[Ocfs2-users] 2 node cluster with shared LUN via FC
Manuel Bogner
manuel.bogner at geizhals.at
Thu Nov 4 07:14:51 PDT 2010
Hi Sérgio,
thanks for your quick answere.
There are such lines after waiting a little bit, but still the same
behavior.
[ 2063.720211] o2net: connected to node xen02a (num 0) at 10.0.0.168:7777
[ 1979.611076] o2net: accepted connection from node xen02b (num 1) at
10.0.0.102:7777
xen02a:~# lsmod | egrep 'jbd|ocfs2|configfs'
ocfs2 395816 1
ocfs2_dlmfs 23696 1
ocfs2_stack_o2cb 9088 1
ocfs2_dlm 197824 2 ocfs2_dlmfs,ocfs2_stack_o2cb
ocfs2_nodemanager 208744 8 ocfs2,ocfs2_dlmfs,ocfs2_stack_o2cb,ocfs2_dlm
ocfs2_stackglue 16432 2 ocfs2,ocfs2_stack_o2cb
configfs 29736 2 ocfs2_nodemanager
jbd 54696 2 ocfs2,ext3
xen02a:~# netstat -an | grep 7777
tcp 0 0 10.0.0.168:7777 0.0.0.0:*
LISTEN
tcp 0 0 10.0.0.168:7777 10.0.0.102:47547
ESTABLISHED
xen02b:~# lsmod | egrep 'jbd|ocfs2|configfs'
ocfs2 395816 1
ocfs2_dlmfs 23696 1
ocfs2_stack_o2cb 9088 1
ocfs2_dlm 197824 2 ocfs2_dlmfs,ocfs2_stack_o2cb
ocfs2_nodemanager 208744 8 ocfs2,ocfs2_dlmfs,ocfs2_stack_o2cb,ocfs2_dlm
ocfs2_stackglue 16432 2 ocfs2,ocfs2_stack_o2cb
configfs 29736 2 ocfs2_nodemanager
jbd 54696 2 ocfs2,ext3
xen02b:~# netstat -an | grep 7777
tcp 0 0 10.0.0.102:7777 0.0.0.0:*
LISTEN
tcp 0 0 10.0.0.102:47547 10.0.0.168:7777
ESTABLISHED
There are no iptables-entries on both nodes as they are just test-servers.
xen02a:~# uname -a
Linux xen02a 2.6.26-2-xen-amd64 #1 SMP Thu Sep 16 16:32:15 UTC 2010
x86_64 GNU/Linux
xen02b:~# uname -a
Linux xen02b 2.6.26-2-xen-amd64 #1 SMP Thu Sep 16 16:32:15 UTC 2010
x86_64 GNU/Linux
xen02b:~# cat /etc/default/o2cb
#
# This is a configuration file for automatic startup of the O2CB
# driver. It is generated by running /etc/init.d/o2cb configure.

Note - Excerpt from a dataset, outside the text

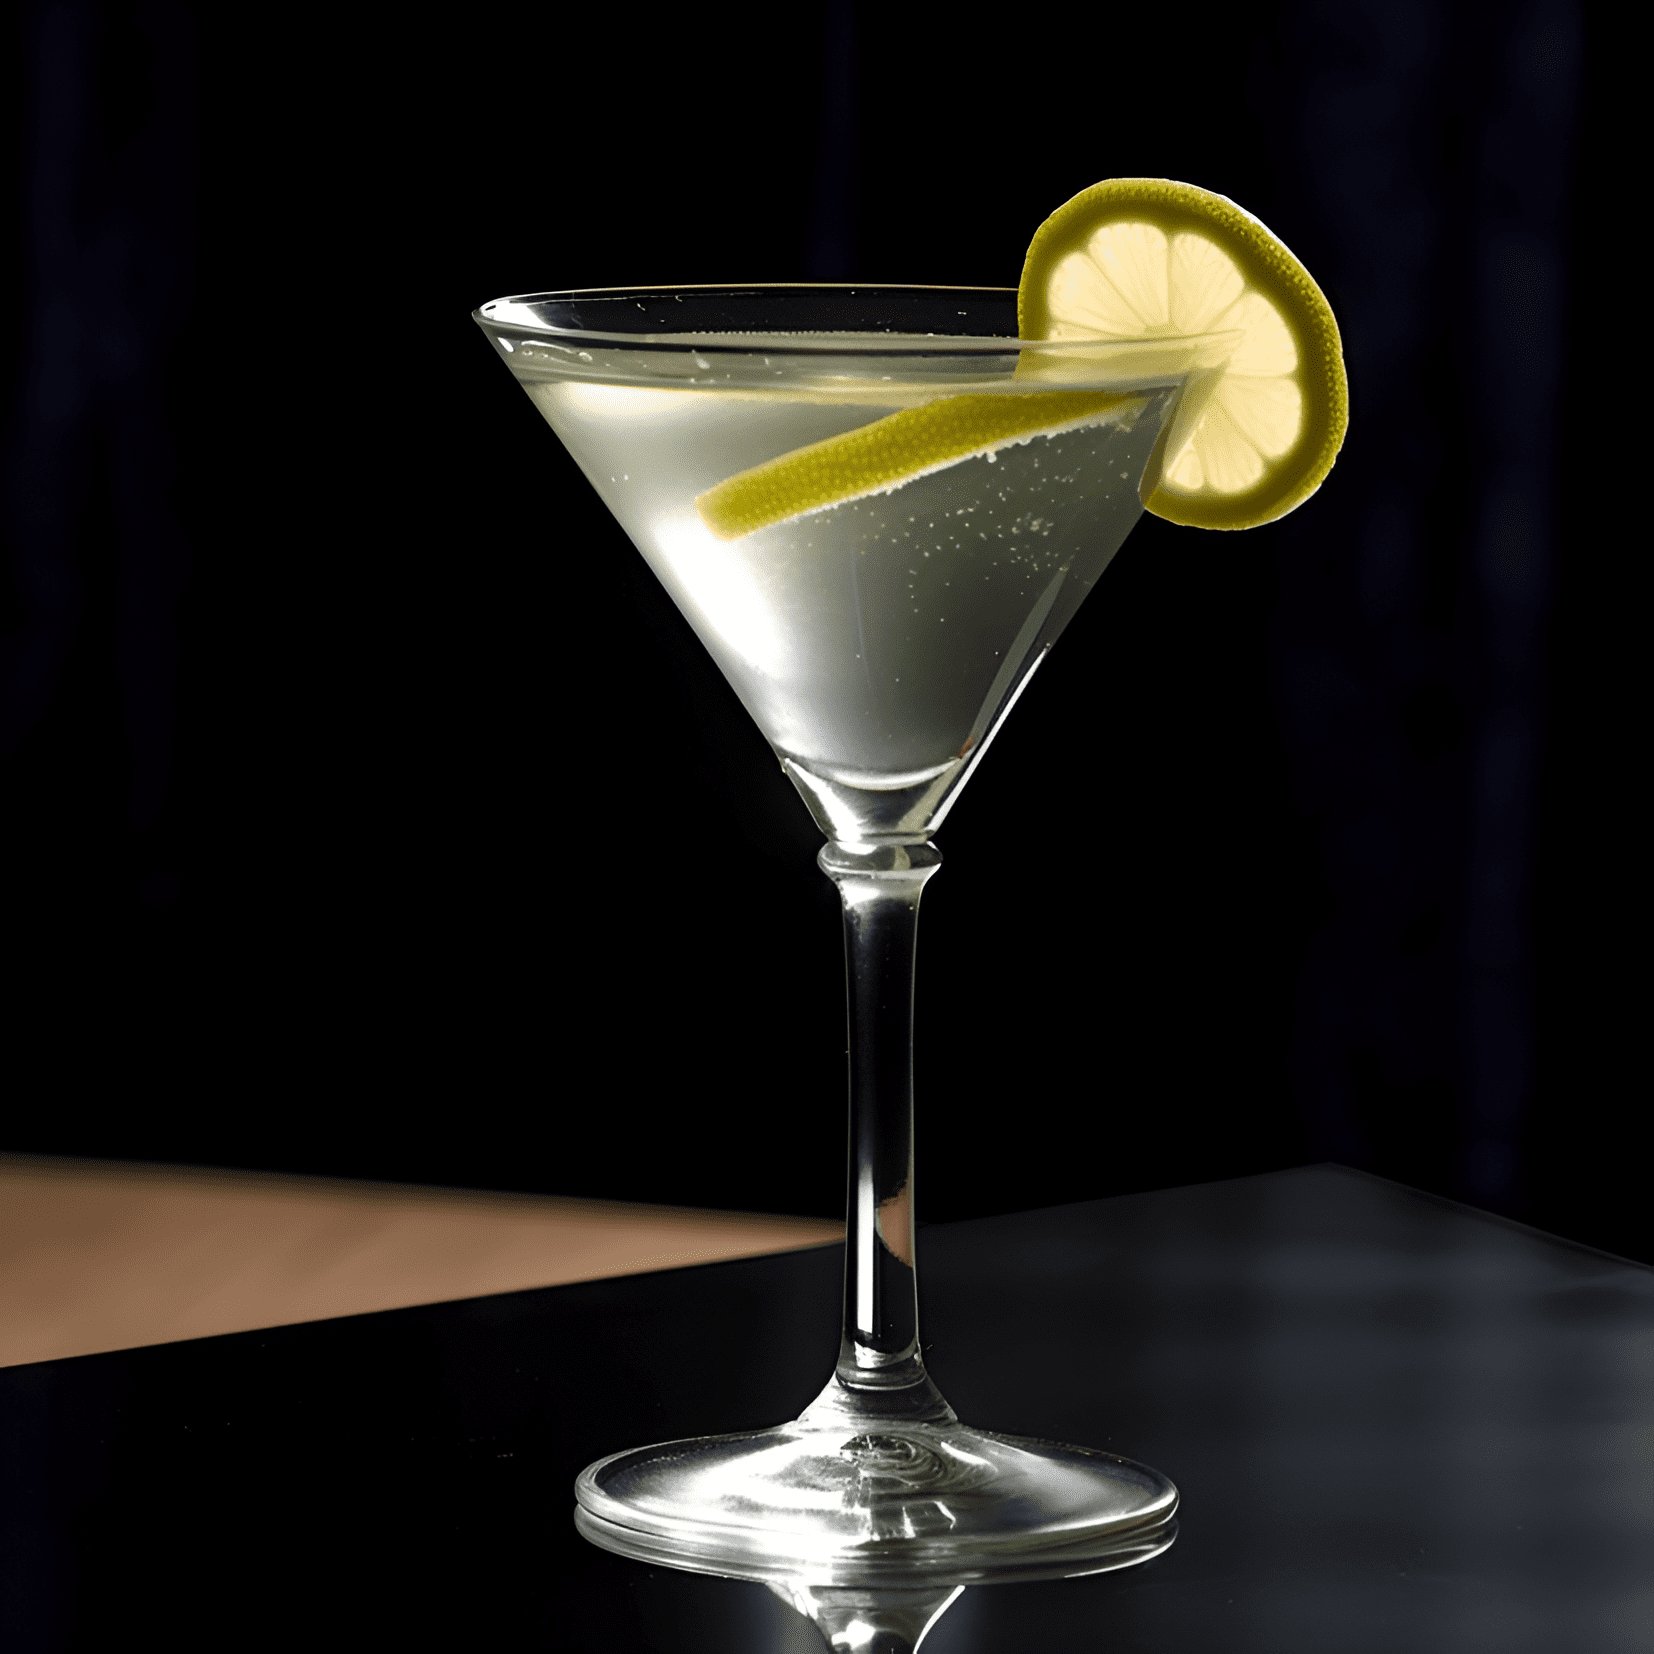 Saketini Cocktail Recipe - The Saketini has a delicate, smooth, and slightly floral taste with hints of juniper and citrus. It is a well-balanced cocktail that is neither too sweet nor too sour, with a light and refreshing finish.

# On Debian based systems the preferred method is running
# 'dpkg-reconfigure ocfs2-tools'.
#
# O2CB_ENABLED: 'true' means to load the driver on boot.
O2CB_ENABLED=true
# O2CB_STACK: The name of the cluster stack backing O2CB.
O2CB_STACK=o2cb
# O2CB_BOOTCLUSTER: If not empty, the name of a cluster to start.
O2CB_BOOTCLUSTER=ocfs2
# O2CB_HEARTBEAT_THRESHOLD: Iterations before a node is considered dead.
O2CB_HEARTBEAT_THRESHOLD=31
# O2CB_IDLE_TIMEOUT_MS: Time in ms before a network connection is
considered dead.
O2CB_IDLE_TIMEOUT_MS=30000
# O2CB_KEEPALIVE_DELAY_MS: Max time in ms before a keepalive packet is sent
O2CB_KEEPALIVE_DELAY_MS=2000
# O2CB_RECONNECT_DELAY_MS: Min time in ms between connection attempts
O2CB_RECONNECT_DELAY_MS=2000
xen02b:~# mount
/dev/sda1 on / type ext3 (rw,errors=remount-ro)
tmpfs on /lib/init/rw type tmpfs (rw,nosuid,mode=0755)
proc on /proc type proc (rw,noexec,nosuid,nodev)
sysfs on /sys type sysfs (rw,noexec,nosuid,nodev)
procbususb on /proc/bus/usb type usbfs (rw)
udev on /dev type tmpfs (rw,mode=0755)
tmpfs on /dev/shm type tmpfs (rw,nosuid,nodev)
devpts on /dev/pts type devpts (rw,noexec,nosuid,gid=5,mode=620)
configfs on /sys/kernel/config type configfs (rw)
ocfs2_dlmfs on /dlm type ocfs2_dlmfs (rw)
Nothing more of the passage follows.